BANDUNG, Kanal Berita – Forum Ulama Umat Indonesia (FUUI) mengungkapkan penolakan keras terhadap usulan penggunaan dana zakat, infak, dan sedekah (ZIS) untuk mendanai program Makan Bergizi Gratis (MBG). Usulan tersebut sebelumnya dilontarkan oleh Ketua DPD Sultan Najamuddin sebagai solusi untuk menutupi kekurangan anggaran program MBG.
Ketua Umum FUUI, KH Athian Ali, menyoroti kecenderungan para calon pemimpin yang kerap mengumbar janji tanpa perencanaan matang. Menurutnya, fenomena ini kerap terjadi dalam setiap momentum pemilihan, baik di tingkat daerah maupun nasional, di mana para kandidat berlomba memberikan janji-janji program tanpa kajian mendalam mengenai implementasi dan sumber pendanaannya.
“Kenyataannya ya seperti ini, mereka mau melaksanakan tetapi tidak tahu dari mana dananya. Bagaimana pelaksanaanya dan seterusnya tidak terpikirkan sebelumnya. Contohnya sekarang mau melaksanakan janji, mereka sudah melakukan kegaduhan dengan sumber dananya dari mana tidak tahu,” ungkap KH Athian akhir pekan lalu.
Ulama senior ini mengkritisi pola pemerintah yang cenderung mengandalkan dana umat Islam ketika menghadapi kesulitan pendanaan. Ia mempertanyakan keseriusan pemerintah dalam memperhatikan aspek-aspek fundamental kehidupan beragama umat Islam, seperti pelaksanaan shalat, puasa, dan haji, namun justru lebih fokus pada pemanfaatan dana-dana yang dimiliki umat Islam.
KH Athian menegaskan bahwa pengelolaan zakat oleh pemerintah seharusnya menjadi bagian dari implementasi syariat Islam secara menyeluruh, bukan sekadar mengambil manfaat finansialnya saja.
“Jangan hanya memikirkan bagaimana memanfaatkan dana-dana (kekayaan) yang ada pada umat Islam, zakat, wakaf, fidyah dan sebagainya. Mengapa tiba-tiba pemerintah memperhatikan hal itu? Mengapa urusan haji sampai repot seperti itu. Serahkan saja pada swasta untuk menangani masalah haji,” jelasnya.
Lebih lanjut, KH Athian menggarisbawahi adanya inkonsistensi dalam sikap pemerintah terhadap umat Islam. Di satu sisi, ketika umat Islam menuntut penerapan hukum Islam, mereka kerap dilabeli sebagai kelompok radikal atau teroris. Namun di sisi lain, pemerintah tidak ragu untuk memanfaatkan dana-dana umat Islam untuk berbagai program.

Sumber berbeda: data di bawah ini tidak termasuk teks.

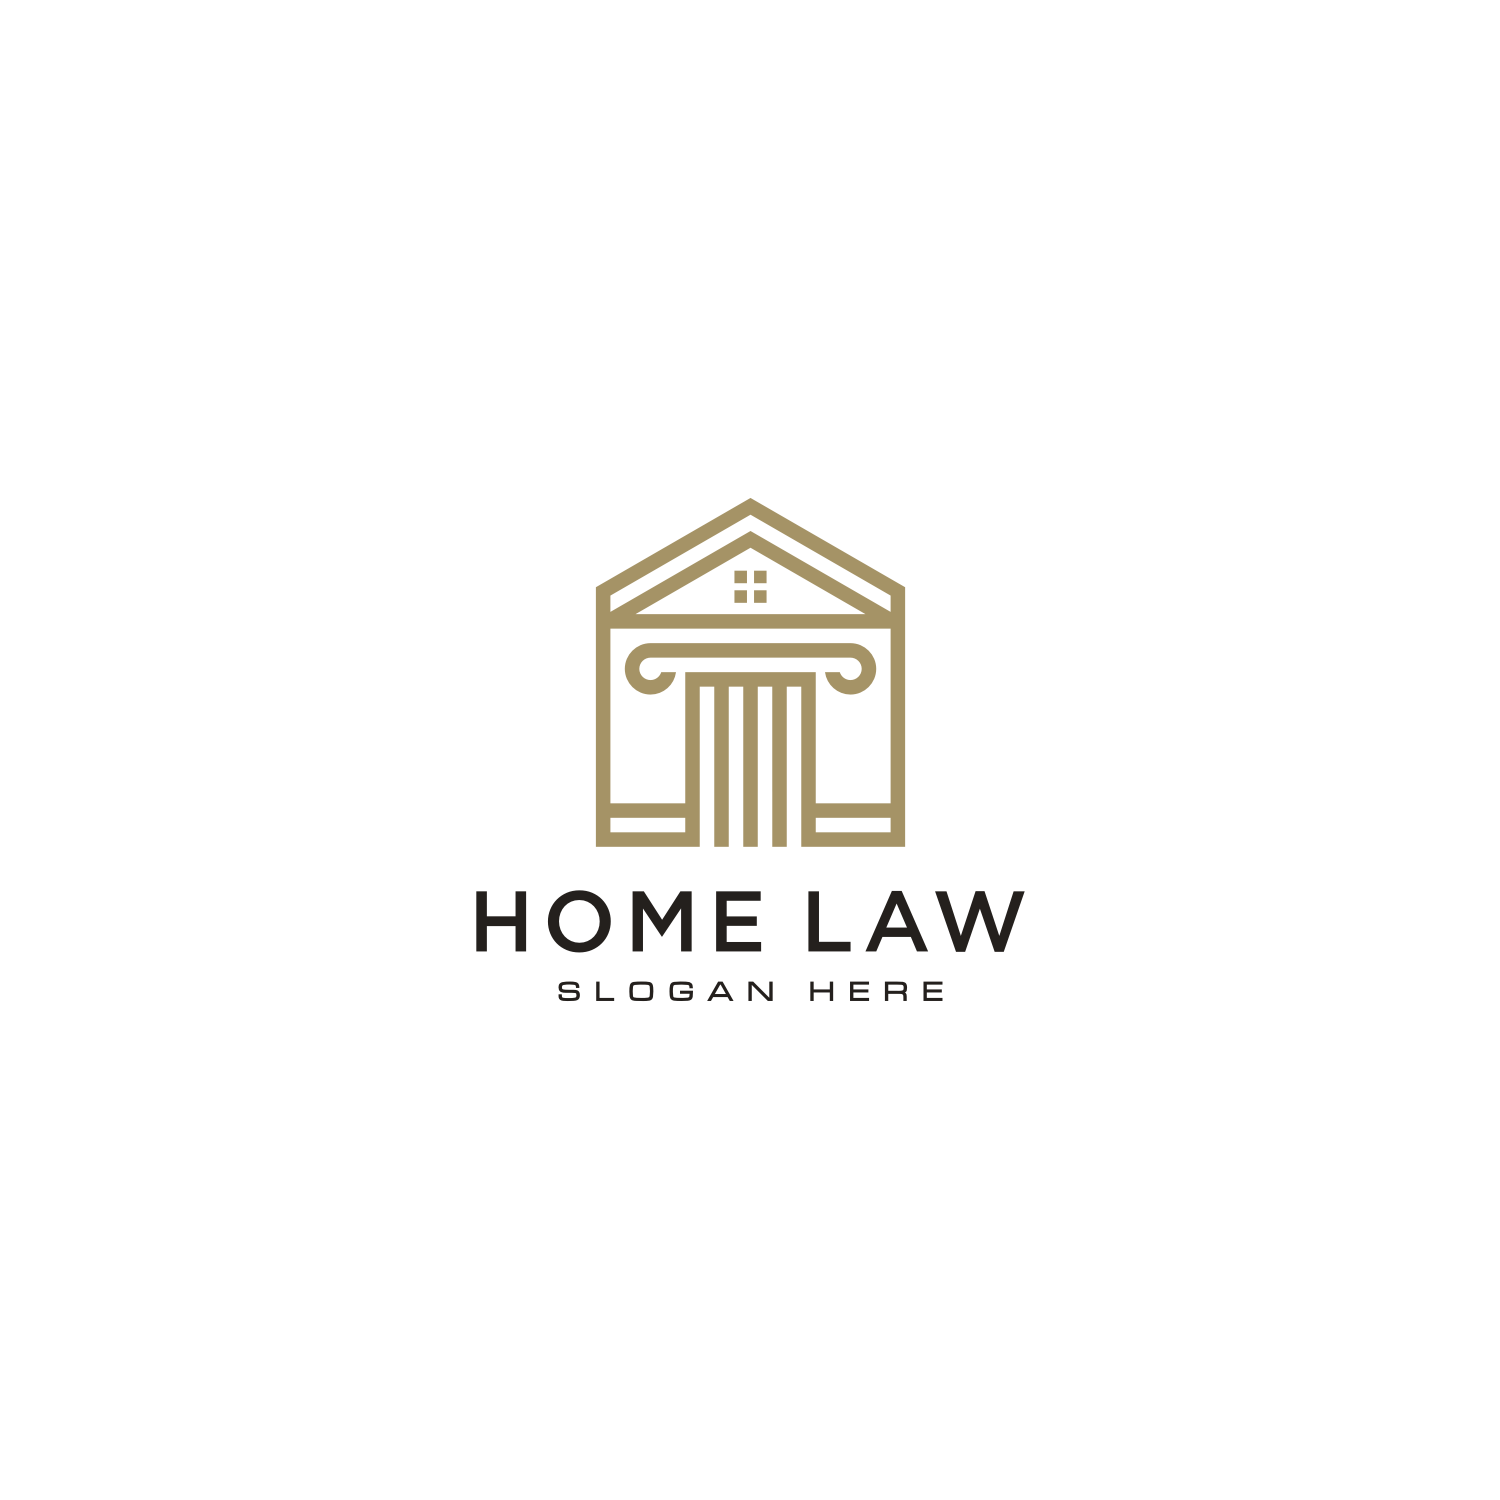 Home Law Firm Logo Vector Design cover iamge.

“Kalau menurut saya ini ide yang ngawur dan asal bicara saja. Lagian yang perlu diingatkan atau dikritisi adalah siapa sasaran program tersebut?. Kalau mau diambilkan dari dana zakat, kan penggunaan zakat itu ada aturannya. Misalnya siapa yang wajib menunaikan zakat dan siapa yang berhak menerima zakat?” tegasnya.
KH Athian menilai bahwa usulan tersebut mencerminkan ketidakpahaman terhadap aturan Islam, khususnya terkait pengelolaan dan distribusi zakat. Ia menyarankan agar pihak-pihak yang belum memahami aturan Islam sebaiknya tidak membuat pernyataan yang dapat menimbulkan kegaduhan di masyarakat.
“Saya yakin umat Islam, khususnya para ulama mengerti dan paham betul bagaimana aturan Islam itu ditegakkan. Bagaimana sumber zakat, mengelola dan menyalurkan dana zakat. Saya yakin umat Islam paling mengerti hal itu. Sekiranya pemerintah ingin mengelolanya tentu kita sangat setuju. Memang idealnya pemerintah itu yang mengelola zakat tetapi harus profesional dan terbuka serta dapat dipertanggungjawabkan secara syariat Islam maupun hukum negara,” pungkasnya.
Kontroversi ini muncul di tengah upaya pemerintah mencari sumber pendanaan alternatif untuk program MBG. Namun, usulan penggunaan dana zakat ini mendapat penolakan keras dari kalangan ulama karena dianggap tidak sesuai dengan ketentuan syariat Islam dan prinsip-prinsip pengelolaan zakat yang telah diatur dalam agama Islam.